Dividend which includes interim dividend as per Section 2 (35) of Companies Act, 2013, is a
due from the company once it is properly declared. Interim dividend is declared by the Board
of Directors and once it is declared, it thus becomes due from the company. Section 123(4)
further provides that the amount of the dividend, including interim dividend, shall be deposited
in a scheduled bank in a separate account within five days from the date of declaration of
such dividend. If the articles of the company do not authorize so, it has to be amended
accordingly.
Section 127 of the Companies Act, 2013 provides for penalty to directors for any default in not
paying dividend within 30 days from the date of declaration.
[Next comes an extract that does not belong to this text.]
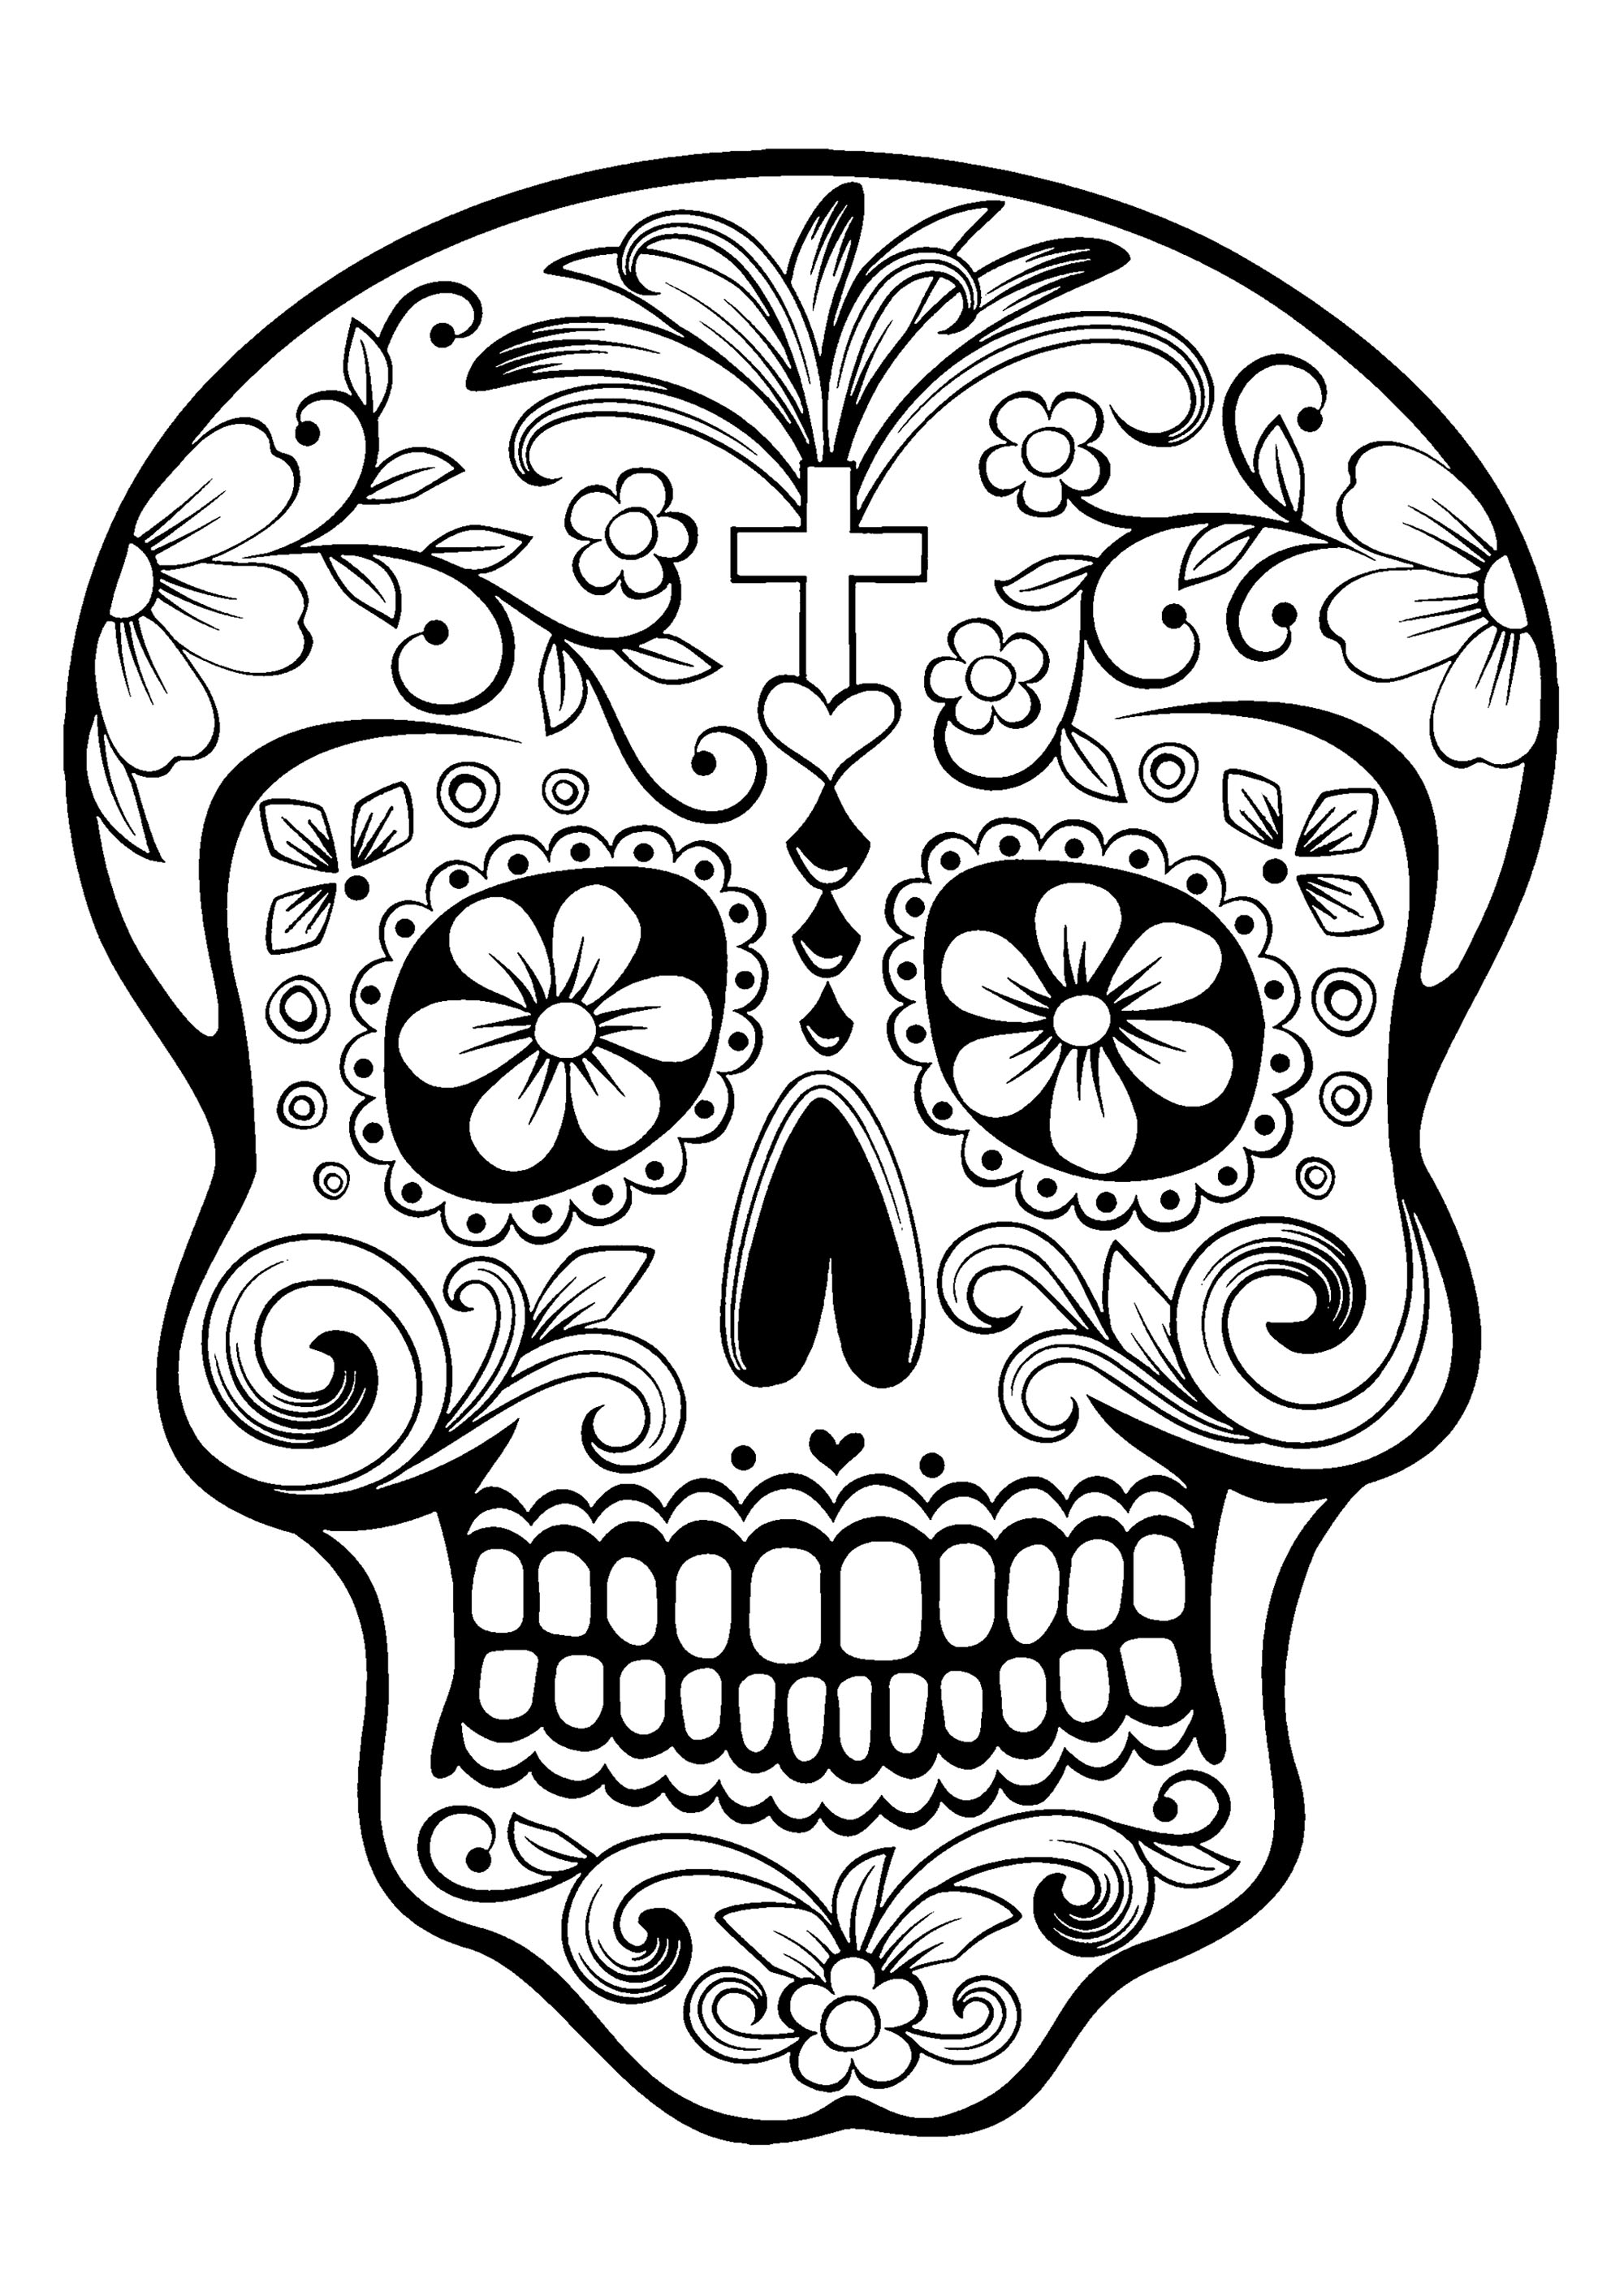 El Dia De Los Muertos 1 El D a De Los Muertos Adult Coloring Pages

However, no offence under this
section shall be deemed to have been committed:
- Where the dividend could not be paid by reason of the operation of any law;
- Where a shareholder has given directions to the company regarding the payment of the dividend
and those directions cannot be complied with and the same has been communicated to him;
- Where there is a dispute regarding the right to receive the dividend;
- Where the dividend has been lawfully adjusted by the company against any sum due to it from
the shareholder; or
- Where, for any other reason, the failure to pay the dividend or to post the warrant within the
period under this Section was not due to any default on the part of the company.
In the given case, interim dividend has to be paid and cannot be revoked once it is declared
as the exceptions given above do not apply in the given case.